How Web Advertising May Go
Anti-Globalism sends us to Ars Technica for Jon Stokes's musing on the falling value of Web advertising. Stokes put forward the outlying possibility — not a prediction — that ad rates could fall by 40% before turning up again, if they ever do. "A web page, in contrast, is typically festooned with hyperlinked visual objects that fall all over themselves in competing to take you elsewhere immediately once you're done consuming whatever it is that you came to that page for. So the page itself is just one very small slice of an unbounded media experience in which a nearly infinite number of media objects are scrambling for a vanishingly small sliver of your attention. ... We've had a few hundred years to learn to monetize print, over 75 years to monetize TV, and, most importantly, millennia to build business models based on scarcity. In contrast, our collective effort to monetize post-scarcity digital media have only just begun."
I tried to let the model work, but after they finally started using Flash tricks to display pop-ups, I finally used the "nuclear option". Whats that? The hosts file. I call it the nuclear option because it takes out unobtrusive ads along with the nasty ones. I really didn't want to do it, but the web advertising industry left me no choice.
If major web sites ever decide to adopt a code of ethics, whereby additional window spawning, interstitials, and other obtrusive ads are barred, I'll stop using hosts.
Really, it worked fine for dead tree print guys, there's no reason it can't work for you. I don't even mind cookies. It was actually kind of cool when Yahoo started showing me ads for IC chips and network cards. Maybe they're still trying to do that, but I'll never know; because some worthless X-10 popup weenie is being blocked by my hosts file.
Get it? Is ANYBODY listening?
For all intensive purposes, "whom" is no longer a word. That begs the question, "who cares"?
I run a few websites with services for certain groups of people. I support these websites with ads.
You see, as a webmaster, I basically have two options. After I developed the site for free in my spare time (it was fun!), I have to keep it running. This includes writing content, updating stuff, managing the user database (one of the sites has over 200.000 users). Which I also do in my spare time because it's still fun and doesn't cost me money.
That's not everything, though. At the end of every month, my hoster sends me a bill for each of my websites. Those bills are between 100$ and 250$ for each of those sites.
Frankly, while spending my spare time building websites is enjoyable, spending 500$-1000$ a month (!) to keep them running, is not.
I rely on people to click my ads. I place my ads carefully so they don't interrupt users reading, I blacklist bad ads and I only run AdSense ads. Currently, the revenue is about 20% more than what I have to pay for the servers. However, if 50% of my users would block ads or simply not click on them, I would have to shut down my websites.
Bottom line: Ads are a great way to fund websites run by small businesses and one-man-shows. If you think those websites are unnecessary and the internet would be better off without them and only big businesses should have the right to have a website, by all means block the ads!
Clarification: I do use Firefox with Adblock but I allow AdSense ads and ads from a few other publishers I trust enough not to show some ugly flash overlays/popunders/music playing ads etc. I also whitelist all websites I visit regularly where the ads don't bother me.

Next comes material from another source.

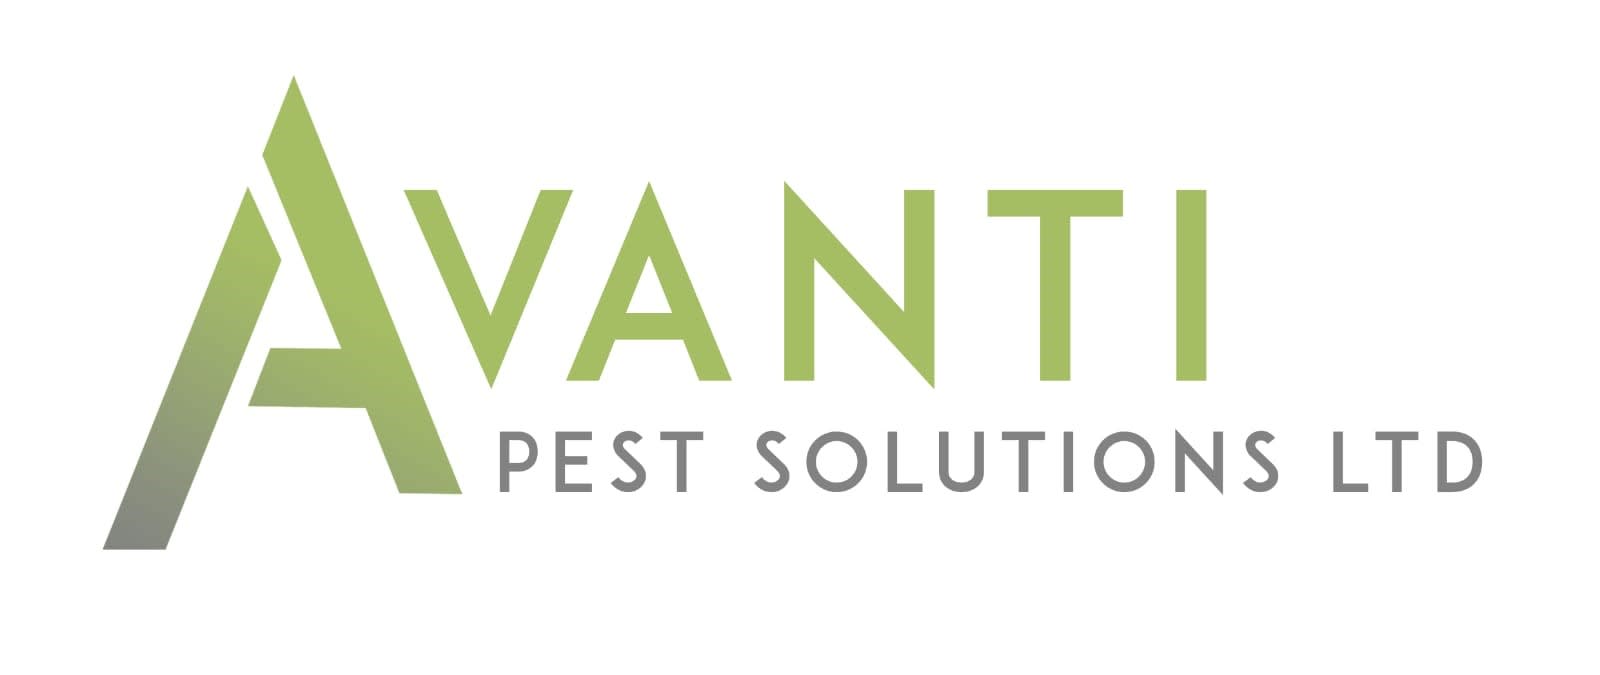 Avanti Pest Solutions Ltd Burnley 01282 270217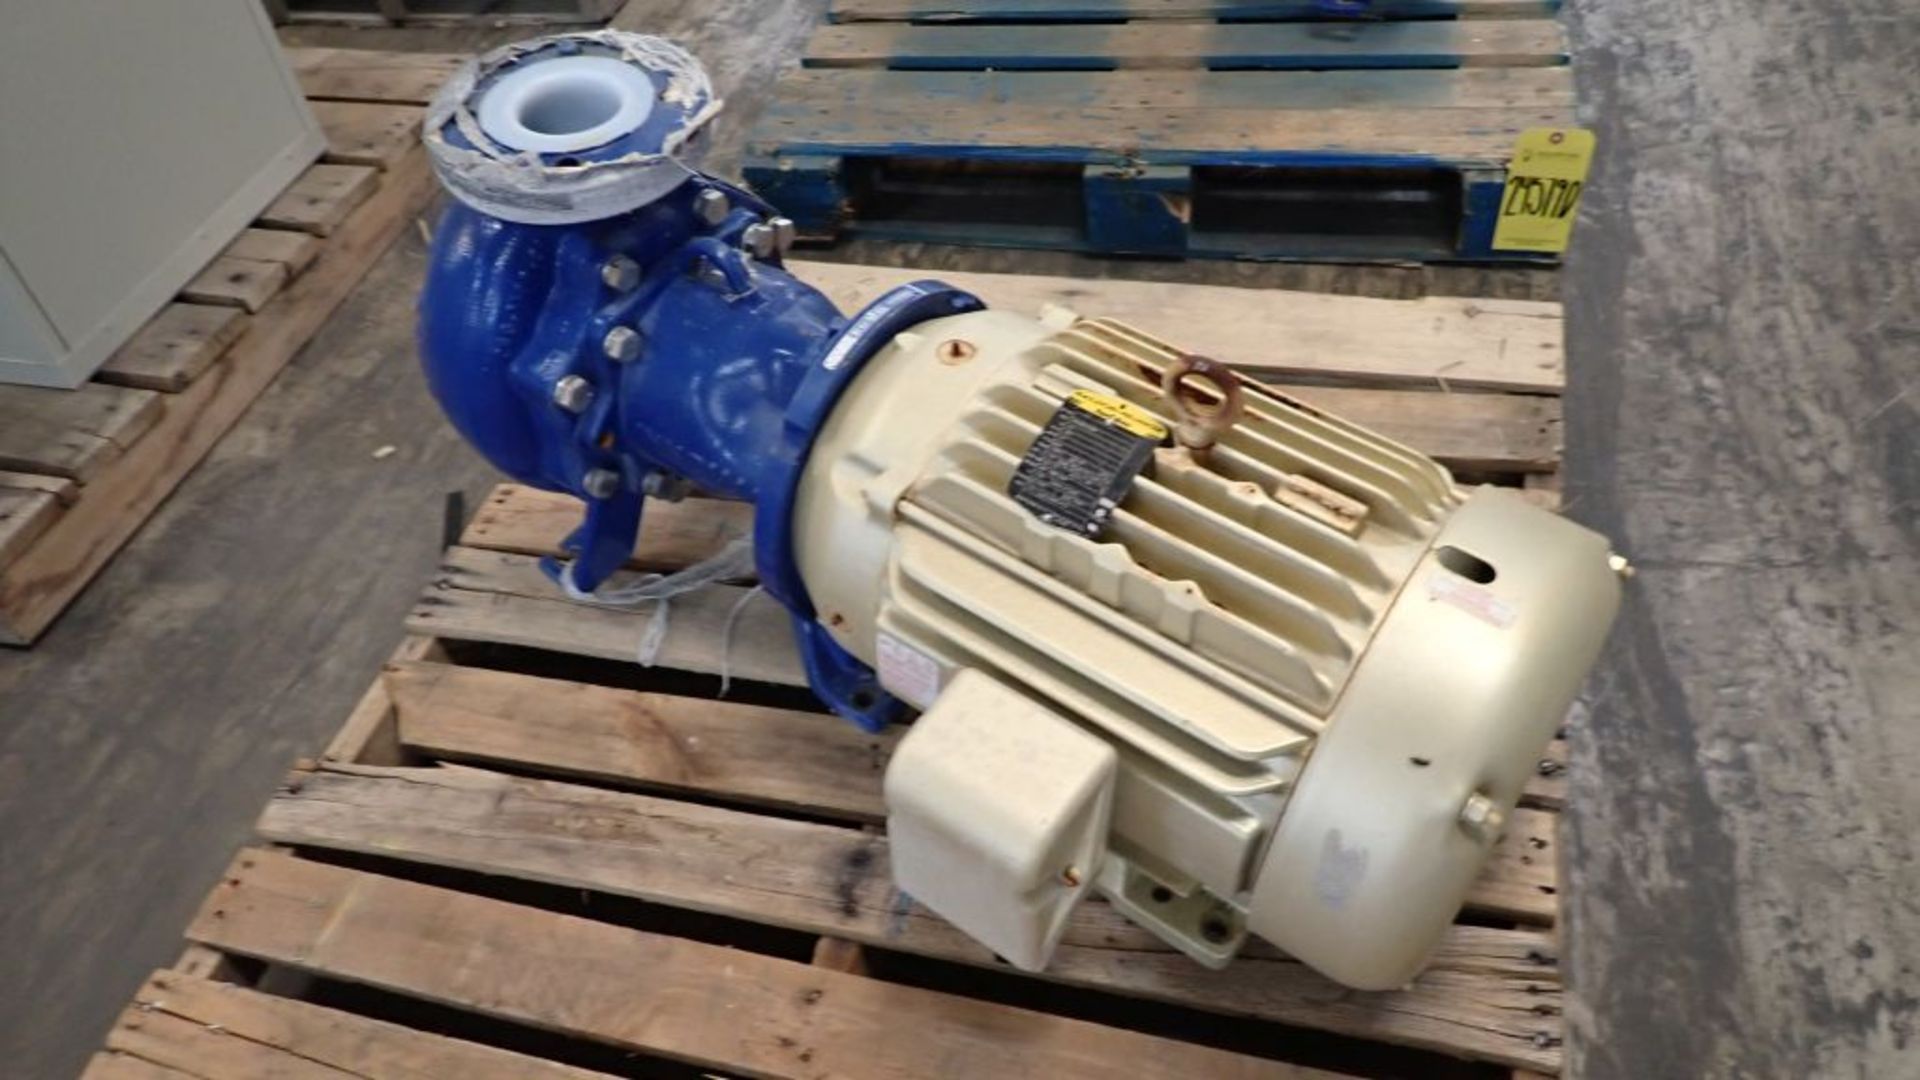 Flowserve Imnomag Sealless Pump w/Baldor 20 HP Motor | Pump Part No. B665011100-BF0, Imp. Dia/Max

Advertorial isn't a problem.
People don't want to read advertorial, sites employing advertorial become useless and folks will stop reading them.
And yes, blocking will win the race because all they have to do is download the ads and not display them, then the server really is none the wiser. Unless you get into all sorts of crazy technology like embedding client-side javascript that validates the page layout before loading up the content, or some such thing.
Still, in the end it's the person controlling the browser (end-user) that has the power here. This is a fundamental difference from television, and one I really like.